» Available data:
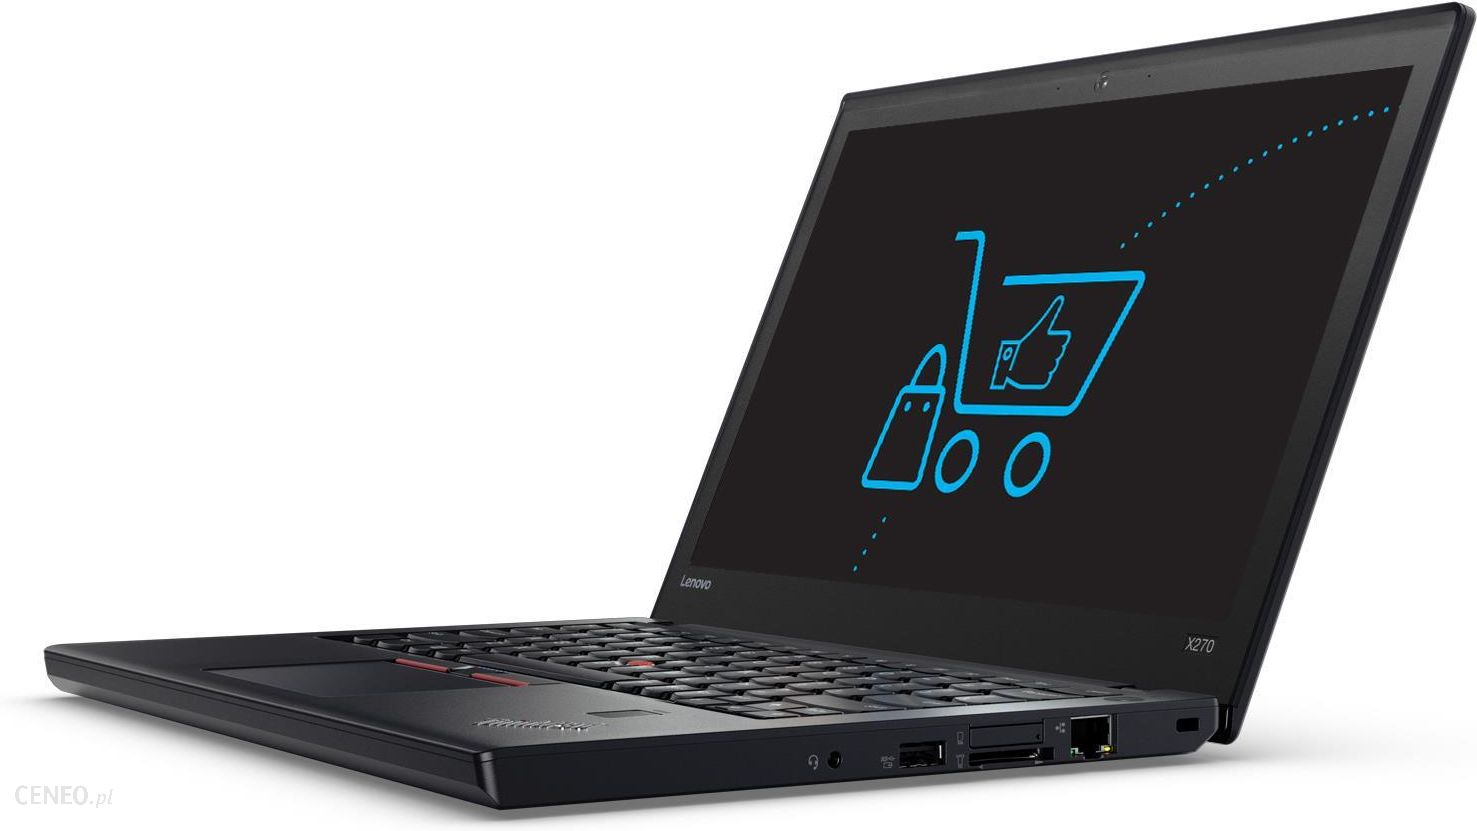 Laptop Lenovo ThinkPad X270 20K5S00A00 zdjęcie 1
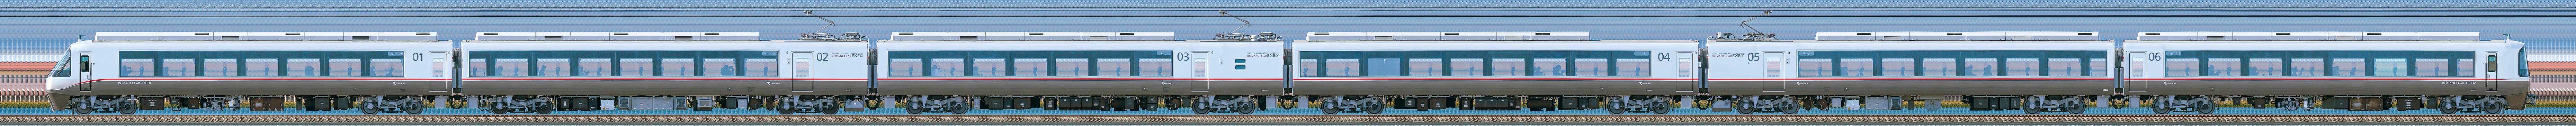 小田急30000形ロマンスカー「EXEα」30252×6(海側)の編成サイドビュー
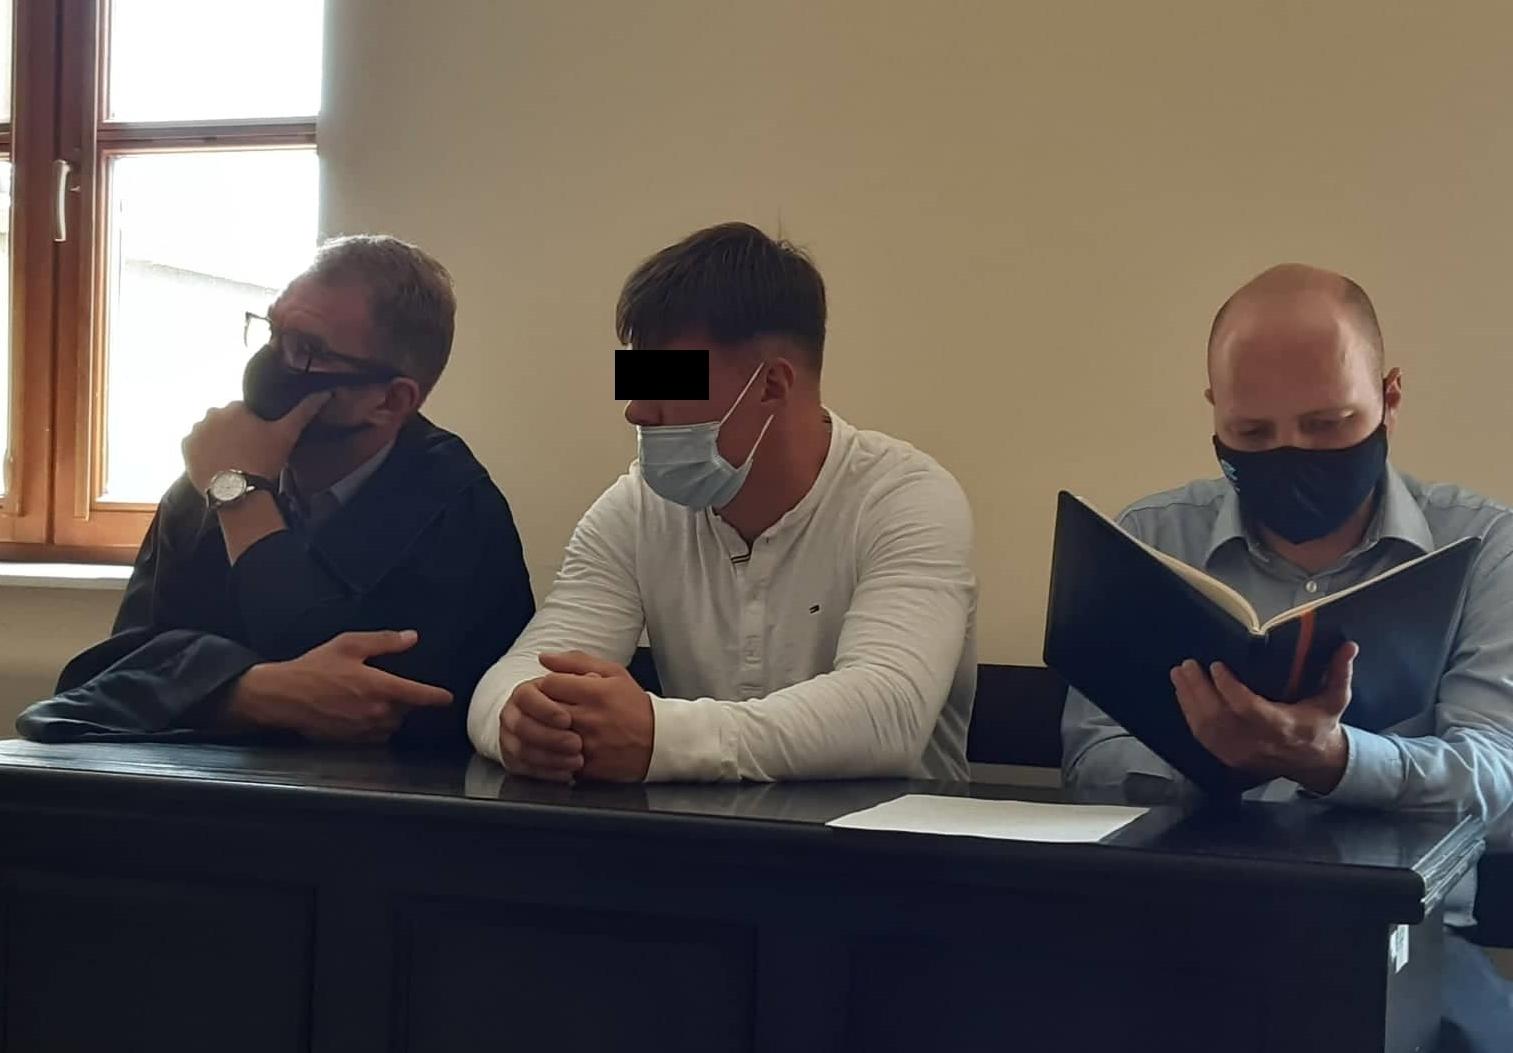 Łęczna: Student z Łęcznej zmarł po bójce na lubelskim deptaku. Jest wyrok dla tego, który zadał śmiertelny cios - Zdjęcie główne

» Problem statement: Your copy of the data should match it exactly, apart from the images, which are omitted.

» Answer box:
 Laptop Lenovo ThinkPad X270 20K5S00A00 zdjęcie 1
 小田急30000形ロマンスカー「EXEα」30252×6(海側)の編成サイドビュー
 Łęczna: Student z Łęcznej zmarł po bójce na lubelskim deptaku. Jest wyrok dla tego, który zadał śmiertelny cios - Zdjęcie główne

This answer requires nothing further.